Description Aflash V2.21 Utility to update the motherboard flash BIOS - (DOS) 


File Size 30.29 (KBytes) * 


this is the bios I would try:

*1008.004 2001/10/15update 


OS All 

Description CUBX Beta BIOS 1008.004
The latest Beta BIOS. 



File Size 166.41 (KBytes) * 



let us know how your system goes after the bios upgrade ???????

do you see your hard drives listed correctly in the bios now / and cd-rom drives and or CD -writers and can you use them ok ??????


I once had a P2 scsi server board that had the yellow exclamation mark next to the secodnary controller / it never bothered me any ~~ I couldnt ever get rid of it and after awhilke I learned to ignore it ??????? as long as everything works properly ????


regards

joe


----------



## shakushinnen (Jul 21, 2005)

Hi Joe,
Right, well the upgrade went fine. I still have the yellow ! next to the controller, but as you say, if it doesn't hurt just leave it. I still don't see the cd writer in windows, although it's detected at boot up. (I understand from surfing around that these cd writers can be a pain to get working.) The CD player is now showing in windows. I still get the "bios diabled" message at post. I have no idea what that's about.

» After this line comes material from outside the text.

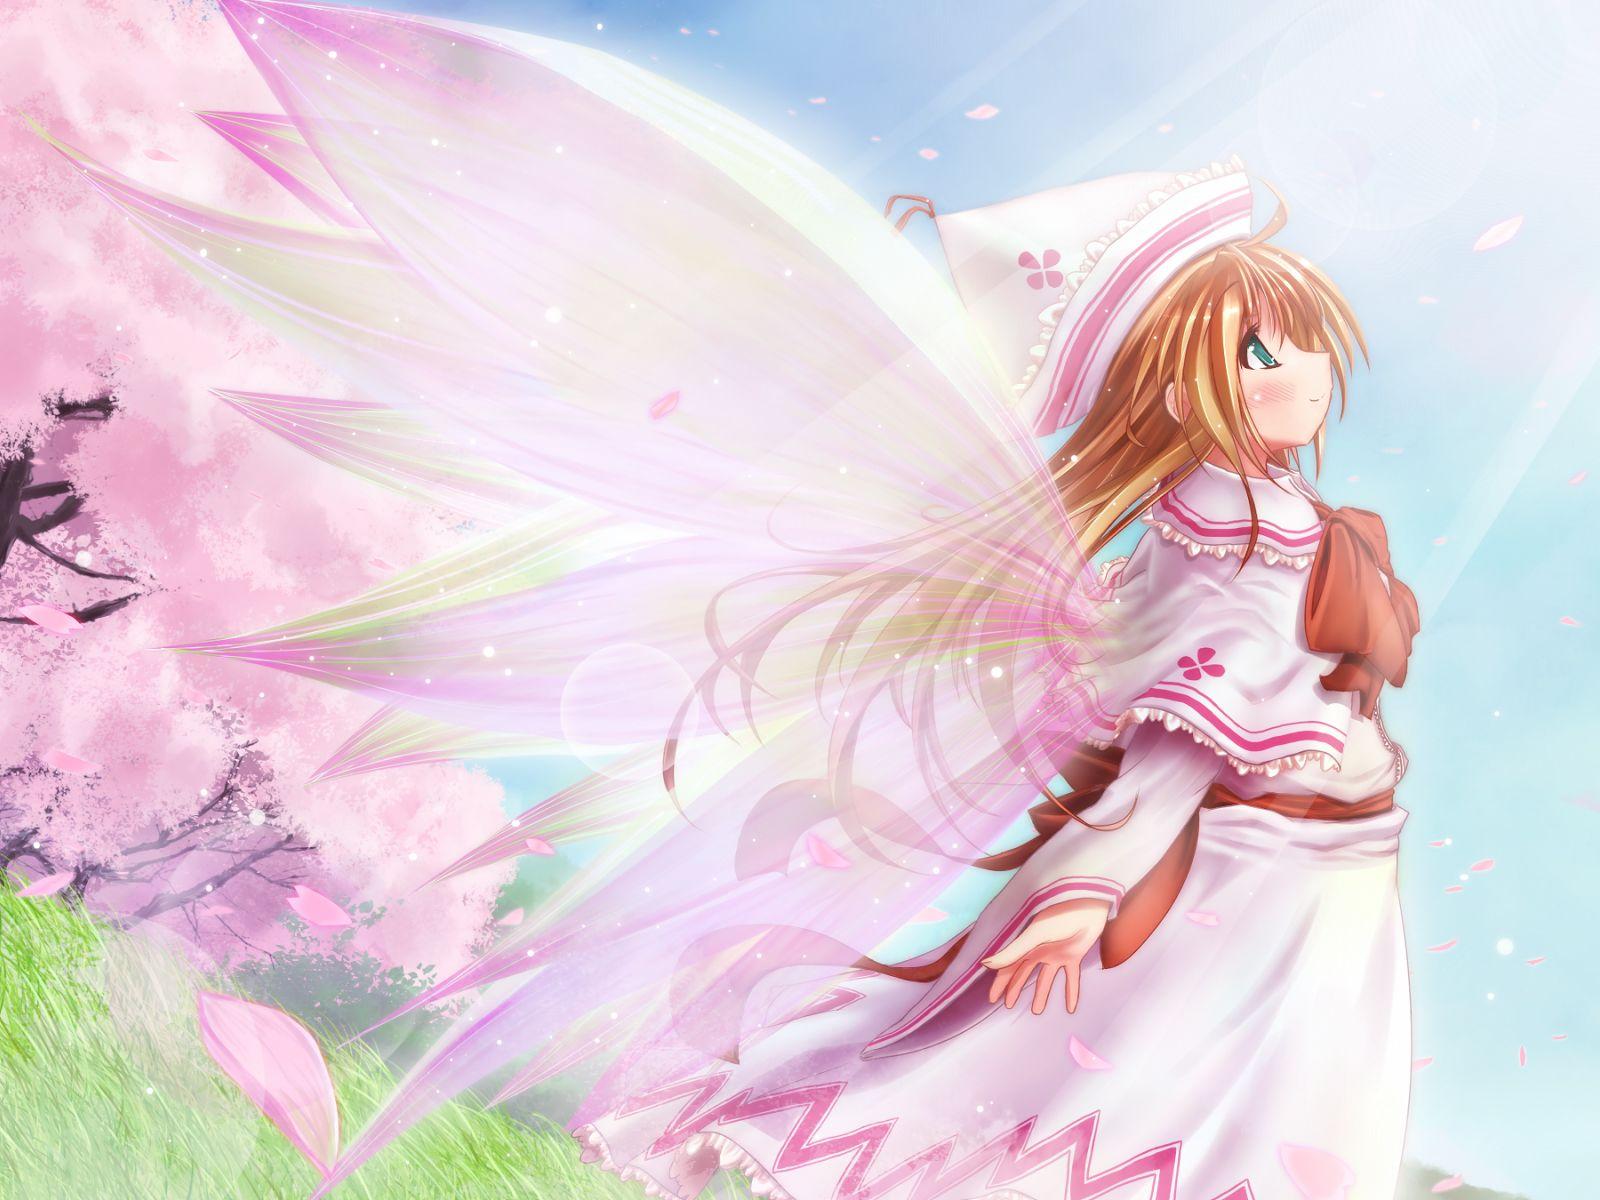 Anime Wallpapers Anime Girl Wallpapers 9533

The system is running very well. Next I'm going to see if I can clock it higher than 704. Apparently it's capable of 850.
Thanks for all your help,
John


----------



## linderman (May 20, 2005)

John:

sounds like you are progressing well !!!

the bios disabled message is refering to the raid controller we disabled in the bios / means nothing ~~ learn to ignore it !!

same thing with the yellow exclamation mark / unless you get something that doesnt work or find the system is unstable ?????

check you cabling on the cd-writer / can you use it from within windows ????



regards / joe


----------



## shakushinnen (Jul 21, 2005)

Hi Joe,
Thanks again, for all your help.
John


----------



## shakushinnen (Jul 21, 2005)

Hi Joe,
Since you last helped me I have installed a Seagate SCSI drive, with and Adaptec card. Is there any particular drivers I should install for this device?
Thanks,
John


----------